Parc Ruille (73,74), Parc Nedelec (75, 76, 77), Parc Nevez Chardon (79), Goarem Ros Querch (80,81), Coadic ar Groaz (82), Parc an Alliors (89), ar Balanous (92).

Les environs du Menec en 1847
Arch. Dép. Finistére

Notes

1 Arch. Dép. Loire-Atlantique, B 800, Rentier du prieuré de Locronan, 1550, 1557.
2 Archives diocésaines de Quimper, Archives du prieuré, Cahiers de comptes des fabriques, série AAA 7 / 1, 2, 3, 1590.
3 Archives diocésaines de Quimper, archives du prieuré, Bail des terres du Noy, série AAA 7, 1627.
4 Arch. Dép. Loire-Atlantique, B 1164, Rentier du prieuré de Locronan, 1680.
5 Arch. Com. Locronan, Registres de Baptèmes, Mariages, Sépultures.
6 Arch. Dép. Finistère, 25 C2 9, Succession de Marie Ursule de Kersulguen, 1731.

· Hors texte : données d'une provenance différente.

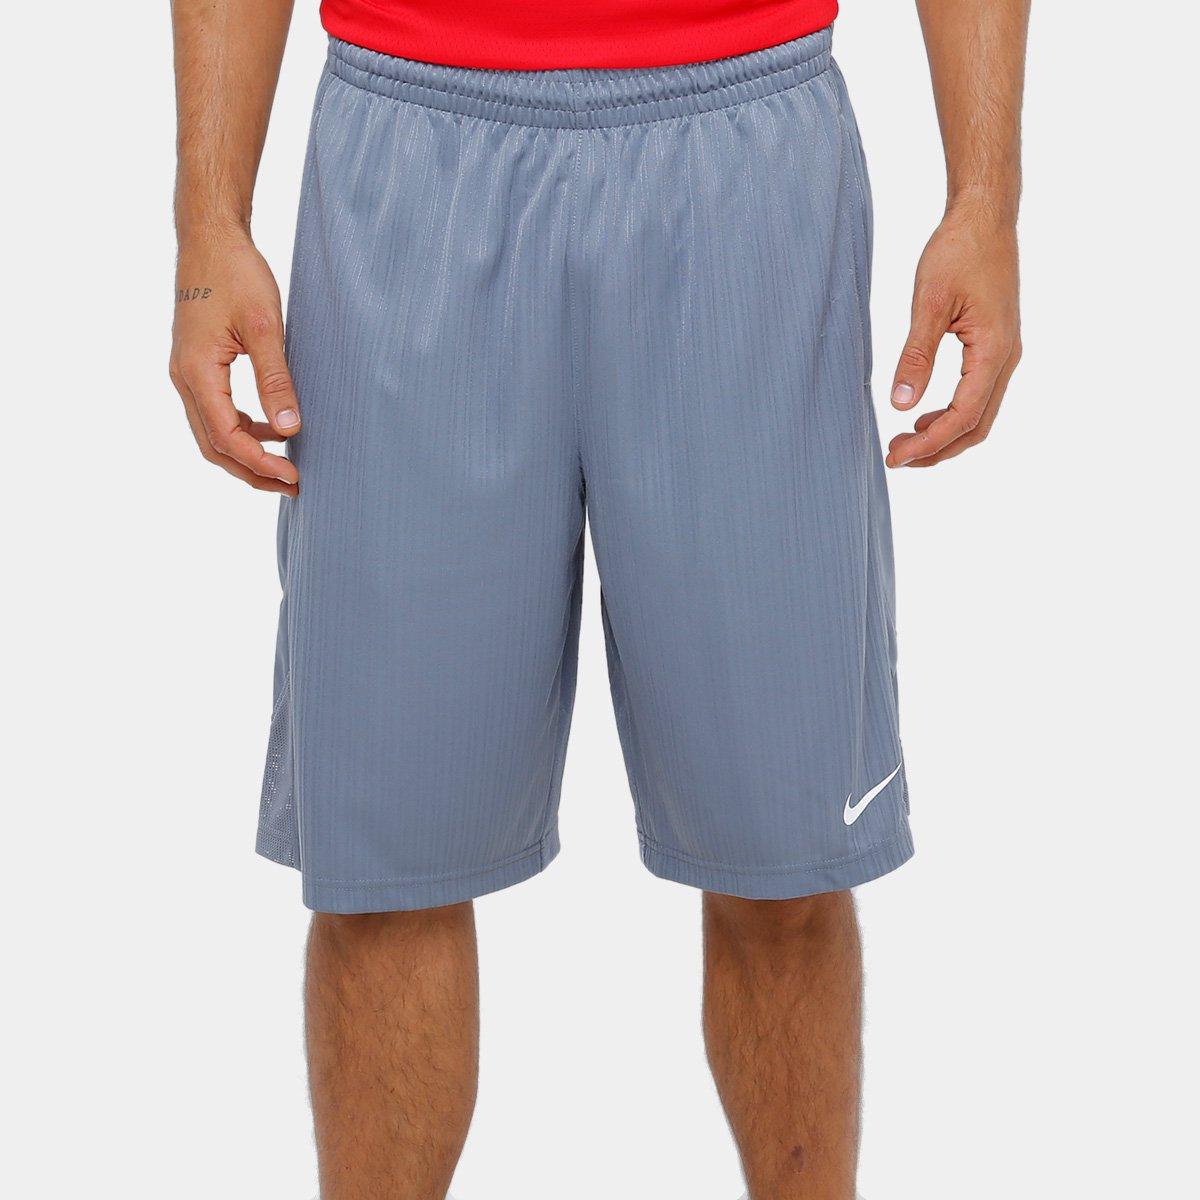 046f987f7f Bermuda Nike Layup 2.0 Masculina
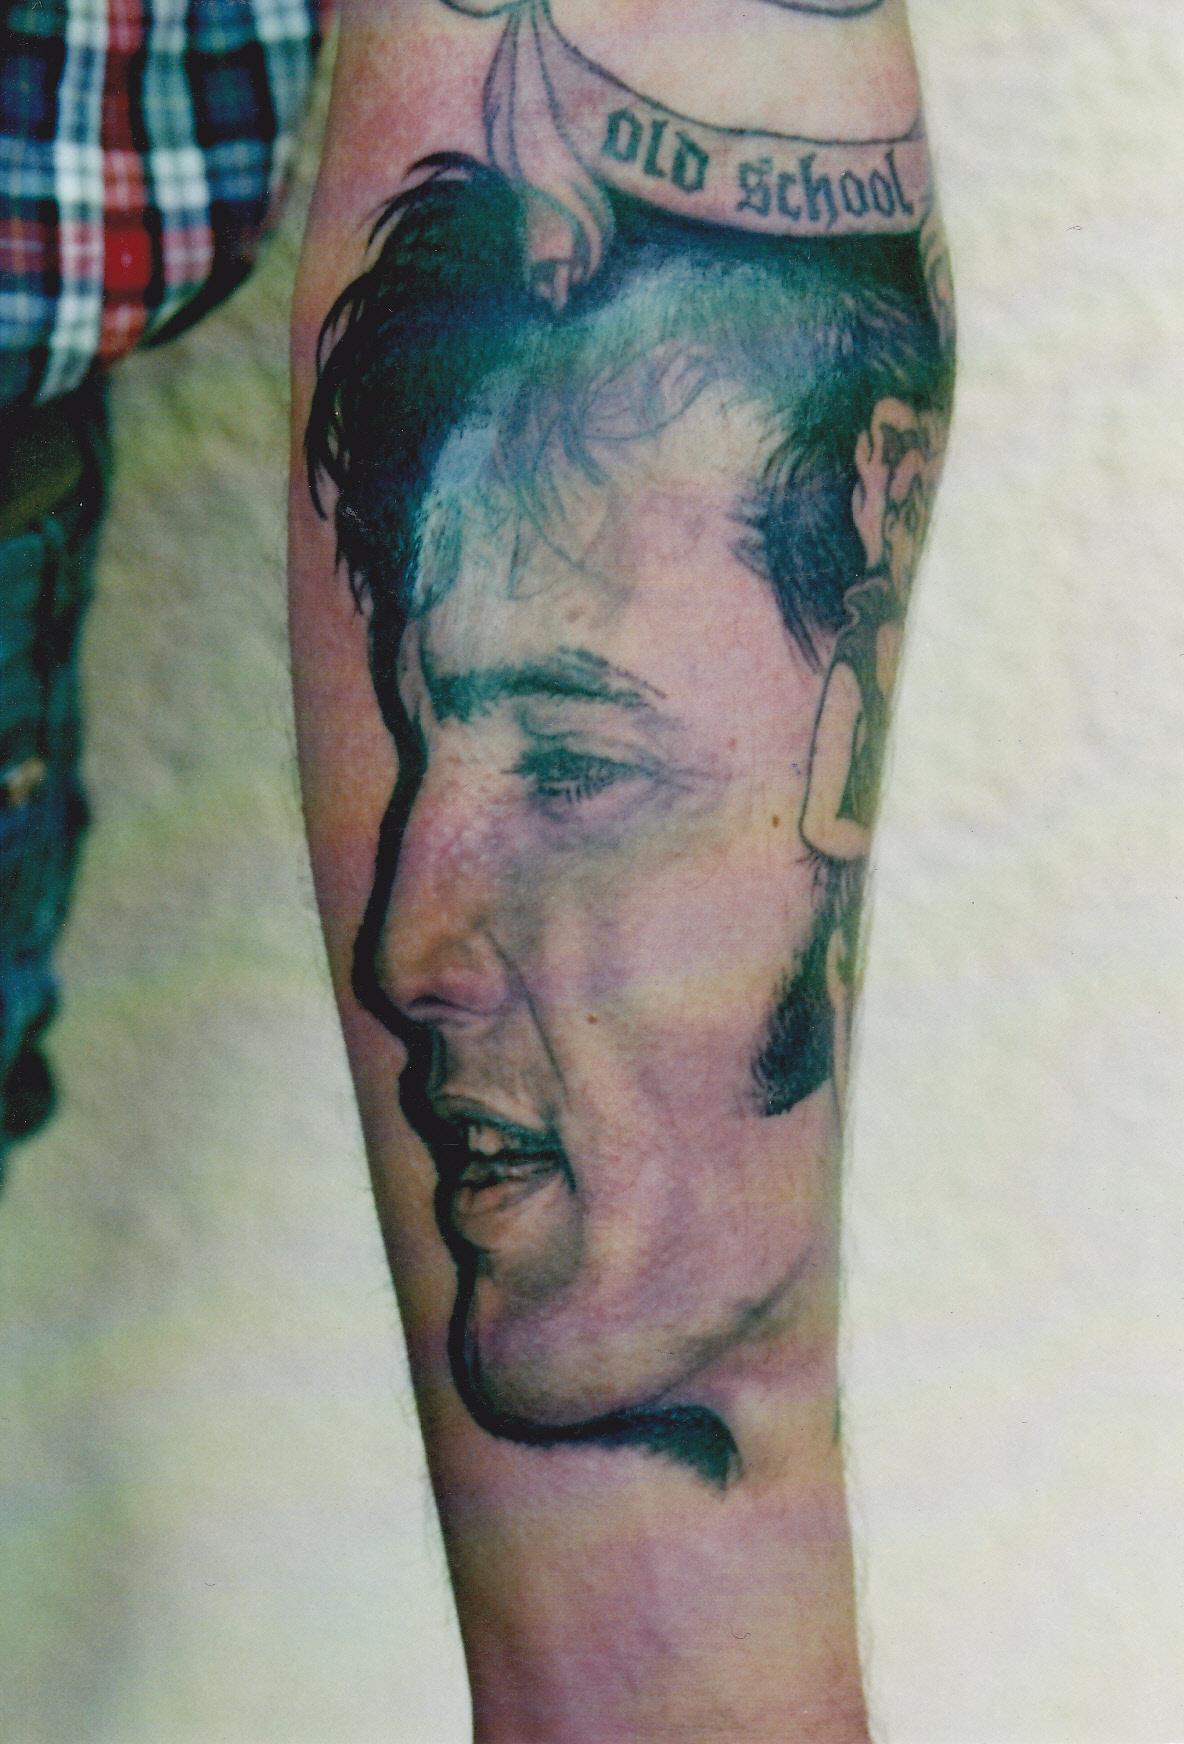 Wilde 13 Tattoo Esslingen

7 Arch. Dép. Finistère, 25 C2 6, Successions d'André Siou, de Jeanne Piriou, 1725.
8 Arch. Dép. Finistère, 25 C2 6, Achat d'héritages au Vennec par Anne Boger, de Yves, Jean et Guillaume Piriou, 1725.
9 Arch. Dép. Finistère, 25 C2 9, Achat d'héritages au Menec par Anne Boger, de Thérèse Renée Moreau, 1730.
10 Arch. Dép. Finistère, 25 C2 9, Achat d'héritages au Menec par Anne Boger, du Marquis du Pleuc, 1731.
11 Arch. Dép. Finistère, 4 E 33 4, Fondation d'Anne Boger au profit de la paroisse Saint-Ronan, 1740.
12 Arch. Dép. Finistère, 25 C 18, Estimation des biens de la succession d'Anne Boger, 1752.
13 Arch. Dép. Finistère, 4 E 36 15, Acquet au village du Menec des maisons et terres de Sophie Chevallier, Par Pierre Elie Chardon, 1754.
14 Arch. Dép. Finistère, 4 E 36 21, Bail à ferme au Menec, consenti par Pierre Elie Chardon à René L'Helgouarch et femme, 1763.
15 Arch. Dép. Finistère, 25 C2 30 et 31, Succession de Pierre Elie Chardon, 1785, 1786.
16 Arch. Dép.Finistère, C 35, Registres de la Manufacture de Locronan, 1748.
17 Arch. Dép.Finistère, 6 M 435, Recensement et dénombrement de la population.
18 Arch. Dép. Finistère, 3 P 135, Cadastres Napoléoniens, 1808-1847.